Having recently landed this great new job, you’ll need to grow new relationships within the team. Veterinary Practices aren’t just all about happy animals, successful practices need a strong and cohesive team that communicates openly and honestly to ensure your human clients and fellow team members are happy too. From the surgical suite to the front desk to the recovery areas, establishing a harmonious team that gets on well will ensure clients keep coming back again and again, and keep all the team working well together.

Be Confident and Trust Your Intuition

Being a Veterinary Surgeon or Veterinary Nurse is undoubtedly one of the best jobs in the world.

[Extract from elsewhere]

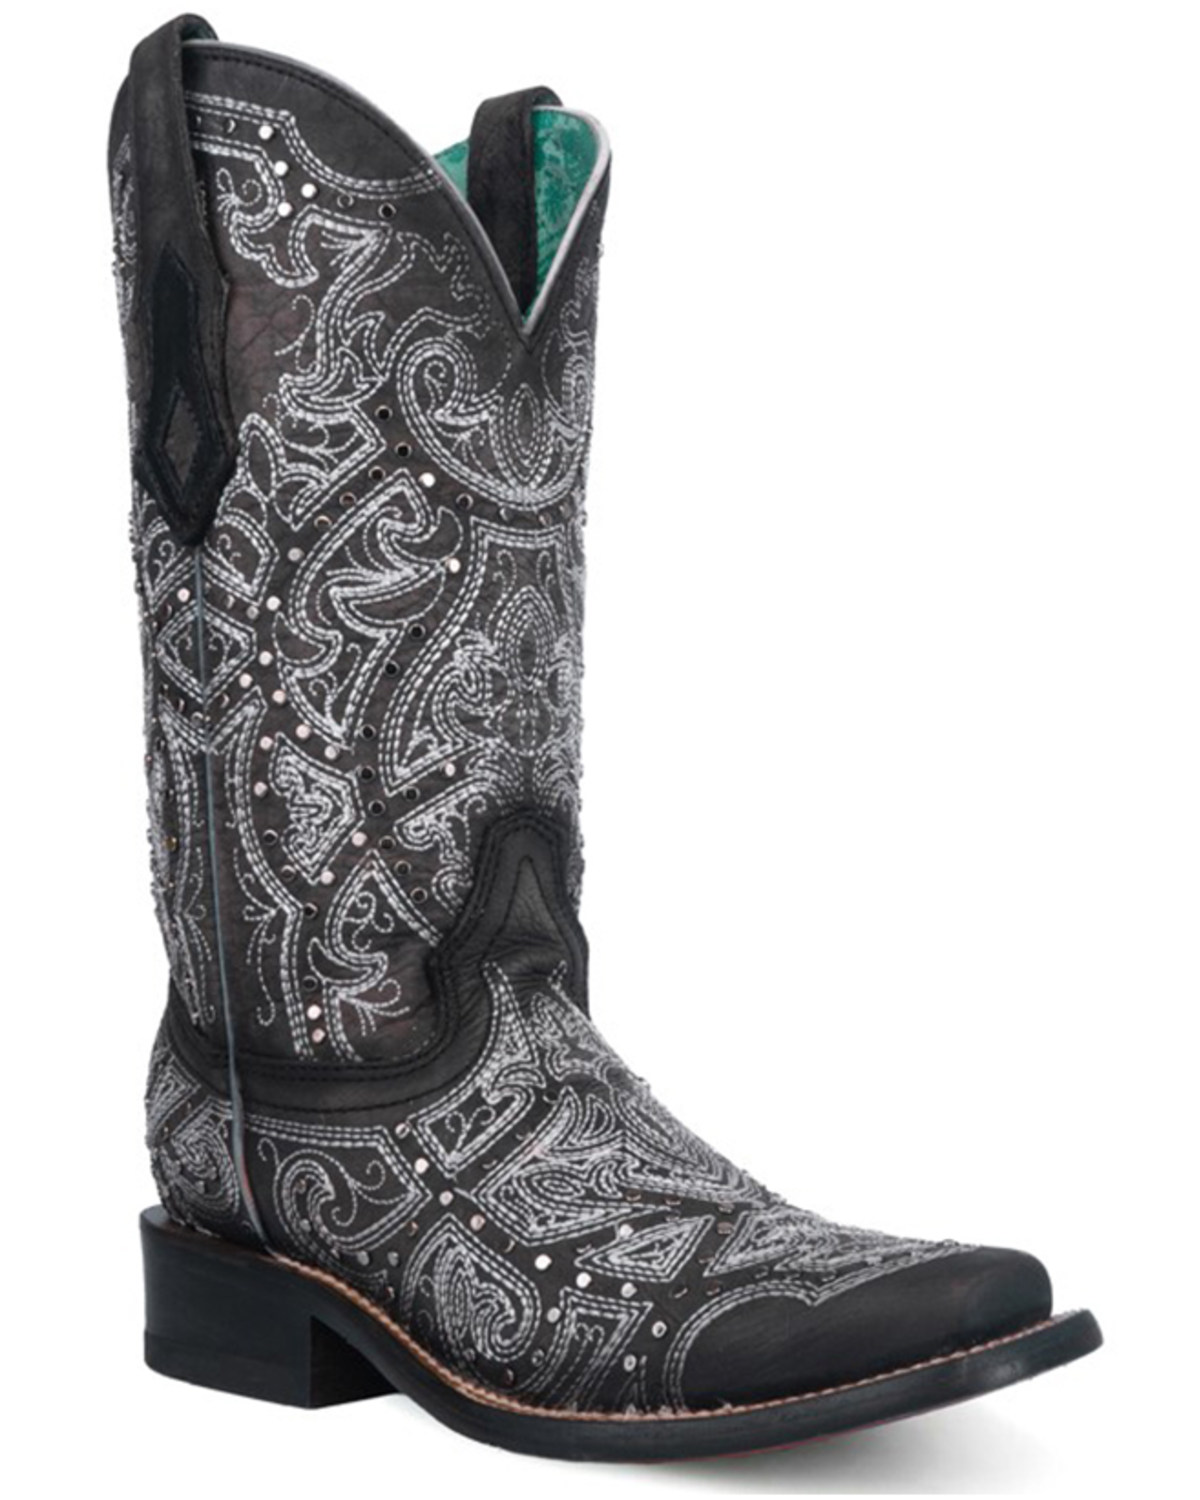 Corral Women's Embroidered Western Boots - Broad Square Toe
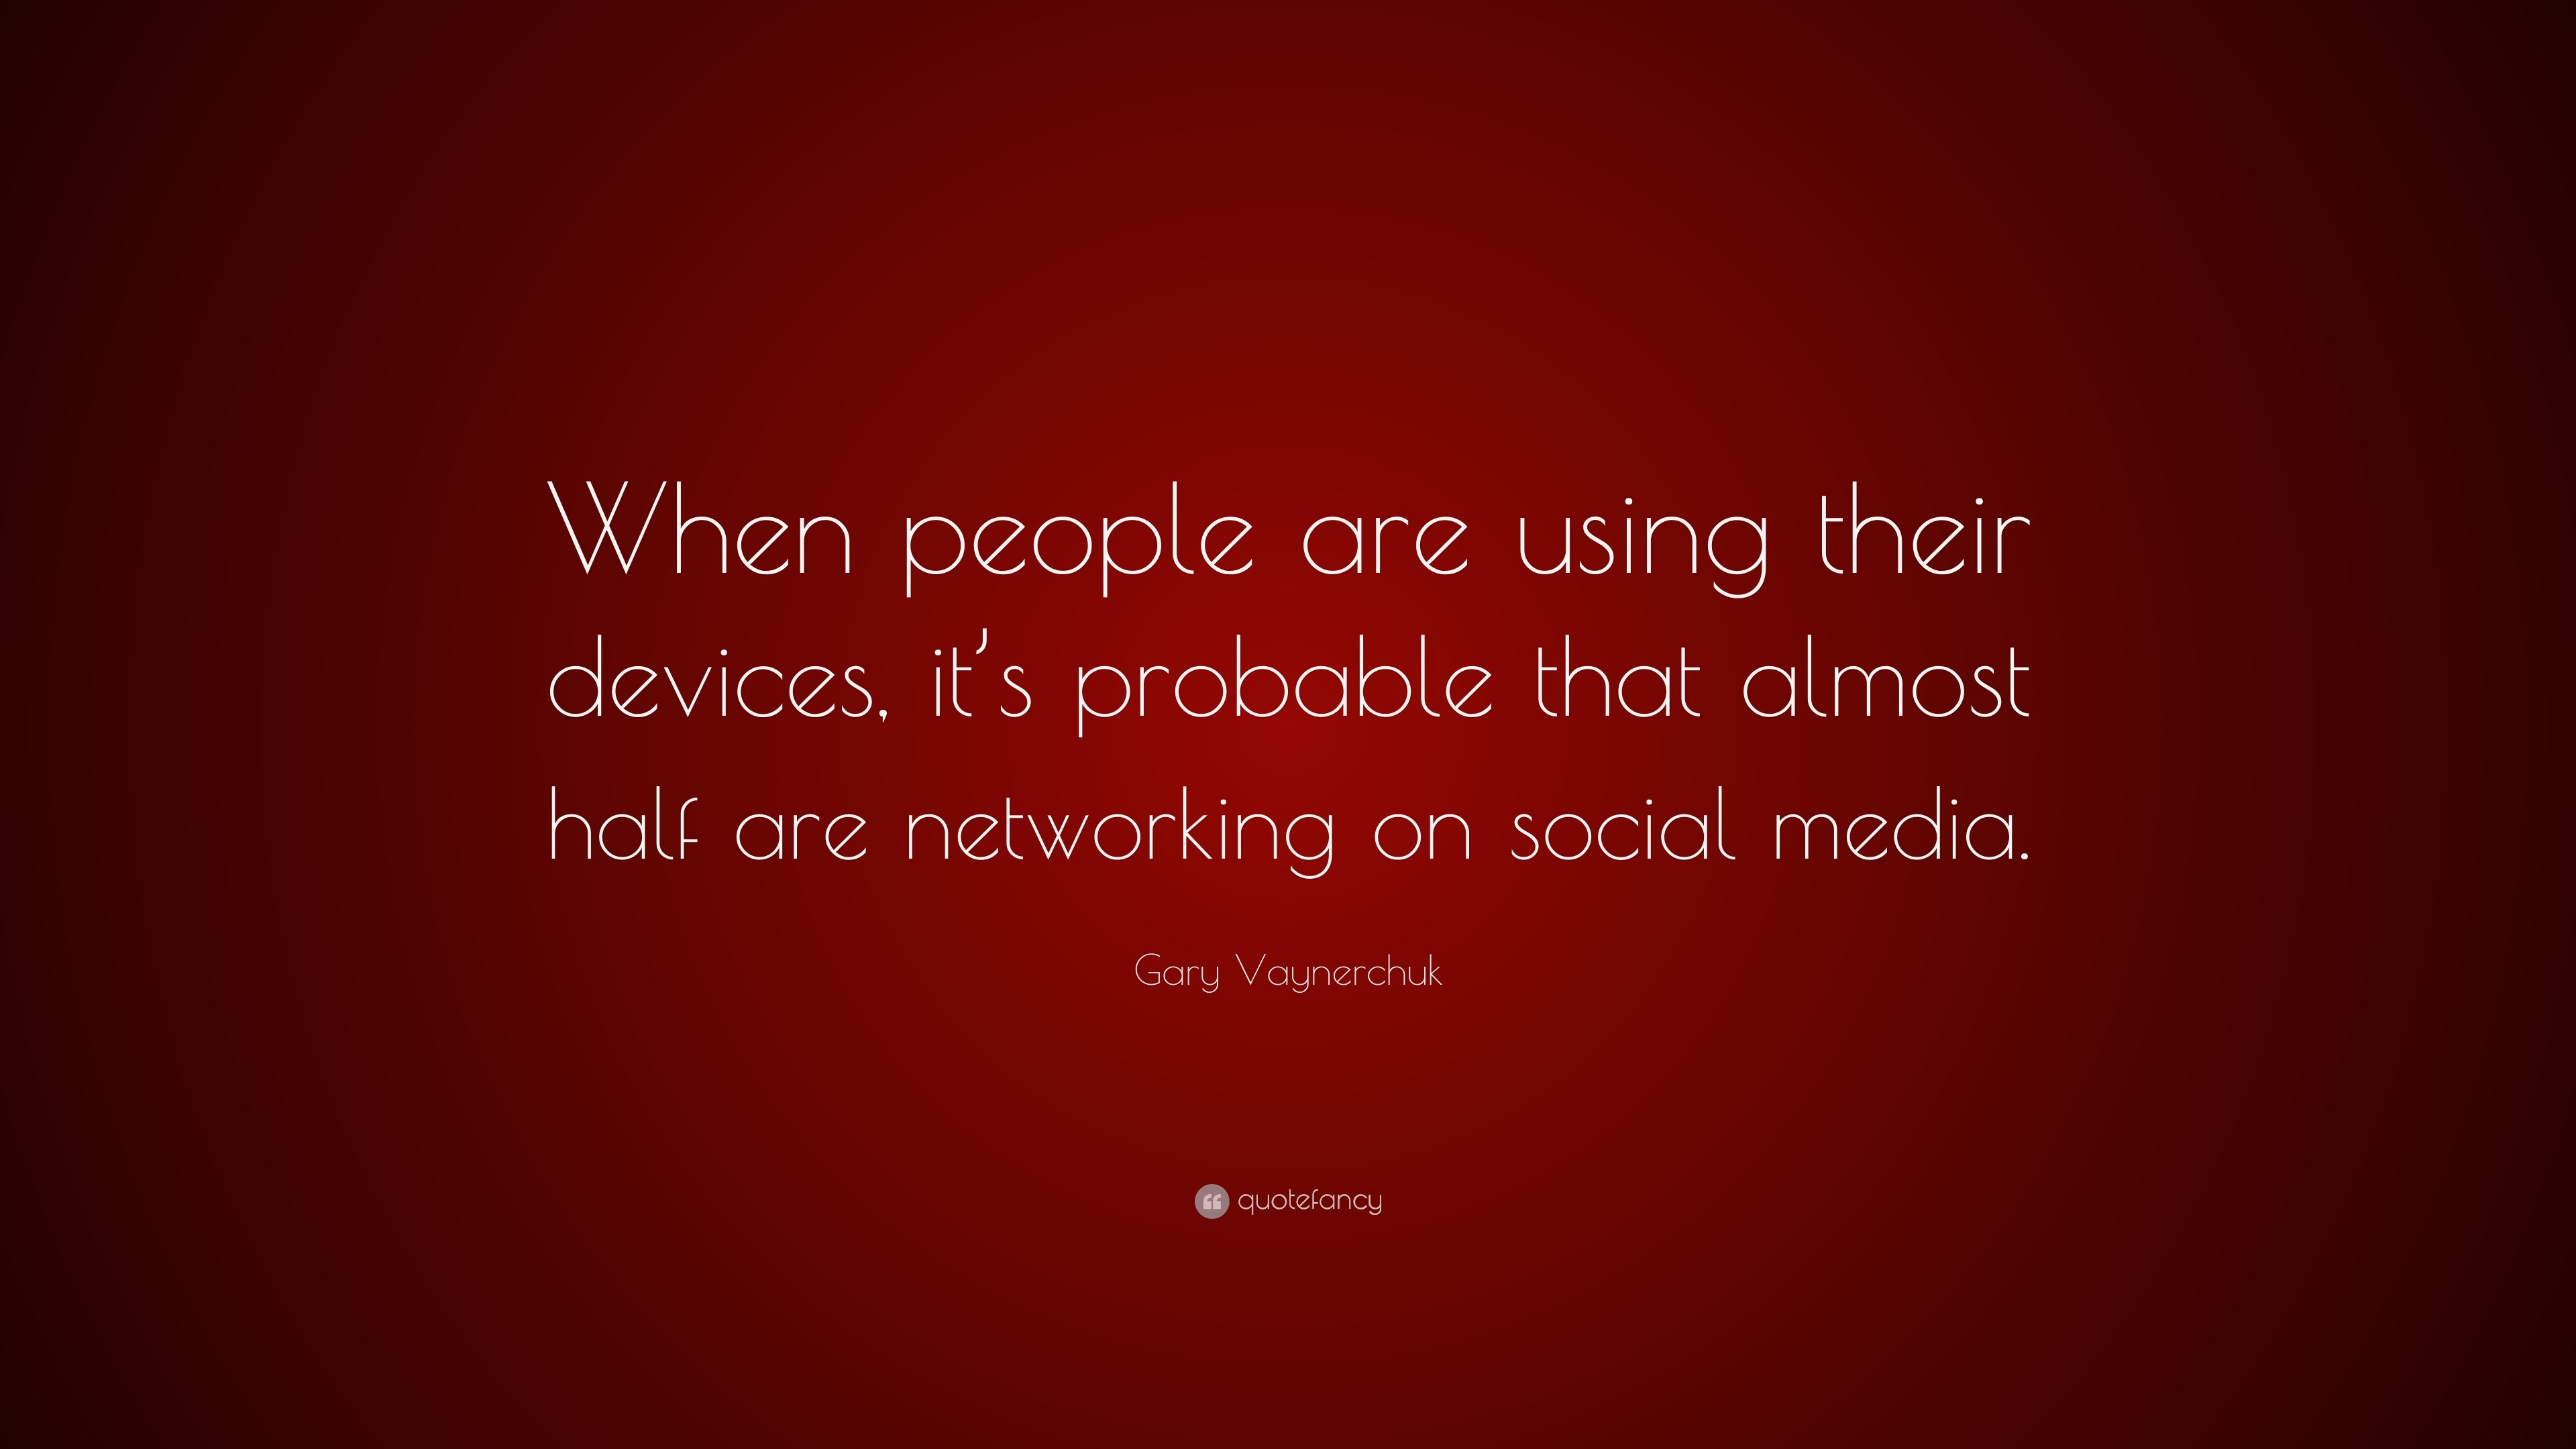 Gary Vaynerchuk Quote: “When people are using their devices, it’s

You’ve been taught an abundance of knowledge and you’re starting to put it to work. As you begin your new career path, remember that you will have new situations thrown at you all the time. Throughout your veterinary career you’ll never stop learning, so be open to new ideas and different ways of accomplishing tasks. You may not always have a clear-cut answer. You’ll struggle and succeed. You’ll cry and you’ll laugh…plus explore a whole new world of emotions. In times like these remember to lean on your support networks to get you through. You’ll quickly gain experience and you’ll be looking back on your first year with well-deserved pride in no time at all.

And one final tip – learn to radiate confidence. You may not be an expert yet, but you do have “a very special set of skills” and contemporary knowledge. Be confident in all your training and skills, express yourself professionally at all times and follow your passion with your whole heart as you successfully progress through this first phase of the remarkable career you deserve.